1. Free Indirect Discourse dan Permasalahannya Naratif yang berteknik penceritaan free indirect discourse1 (pernyataan tidak langsung bebas) membuka kemungkinan kelirunya penilaian dari sudut pandang siapa pengisahan dilakukan. Naratif yang memberdayakan teknik penceritaan bernarator mahatahu (omniscient) ini membuat suara fokalisator eksternal dan fokalisator internal menjadi ambigu karena penggunaan teknik penceritaan semacam ini membaurkan keduanya. Melalui fokalisator eksternal, pandangan yang dihadirkan menjadi objektif. Melalui fokalisator internal, pandangan yang dihadirkan menjadi cenderung subjektif karena terinfiltrasi pandangan karakter.

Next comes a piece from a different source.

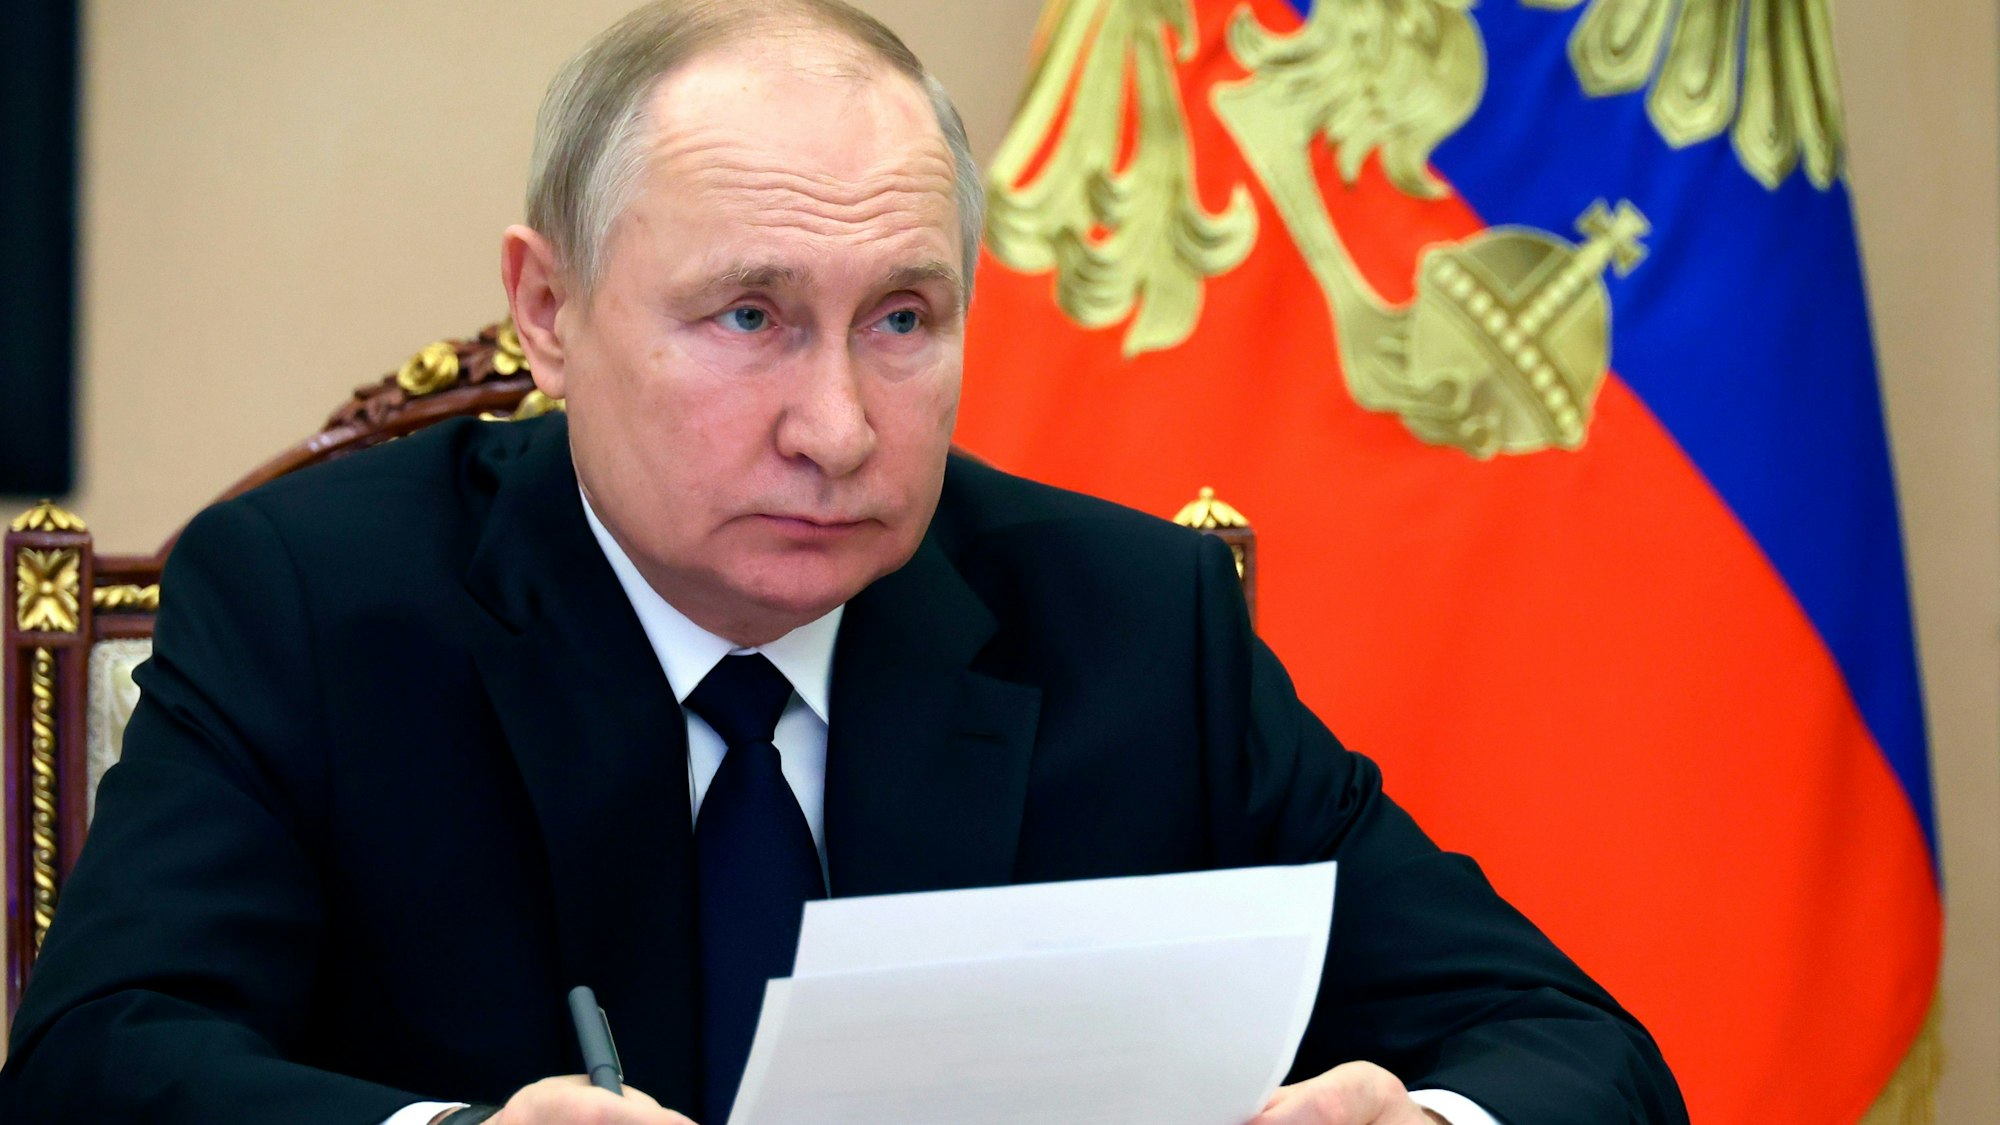 Dieses von der staatlichen russischen Nachrichtenagentur Sputnik via AP veröffentlichte Foto zeigt Wladimir Putin, Präsident von Russland, der per Videokonferenz an der Eröffnungszeremonie für das Gaskondensatfeld Kowykta teilnimmt.

Esai ini membicarakan tentang permasalahan yang tampak dalam proses interpretasi naratif berteknik penceritaan free indirect discourse dalam karya-karya Austen (Emma dan Pride and Prejudice), Joyce (A Portrait of an Artist as a Young Man dan The Dead), dan Kingston (Tripmaster Monkey). Di ujung pambahasan akan diperlihatkan faktor apa saja yang menyingkap aspek ironi sebagai akibat dari teknik penceritaan free indirect discourse dalam novel-novel tersebut.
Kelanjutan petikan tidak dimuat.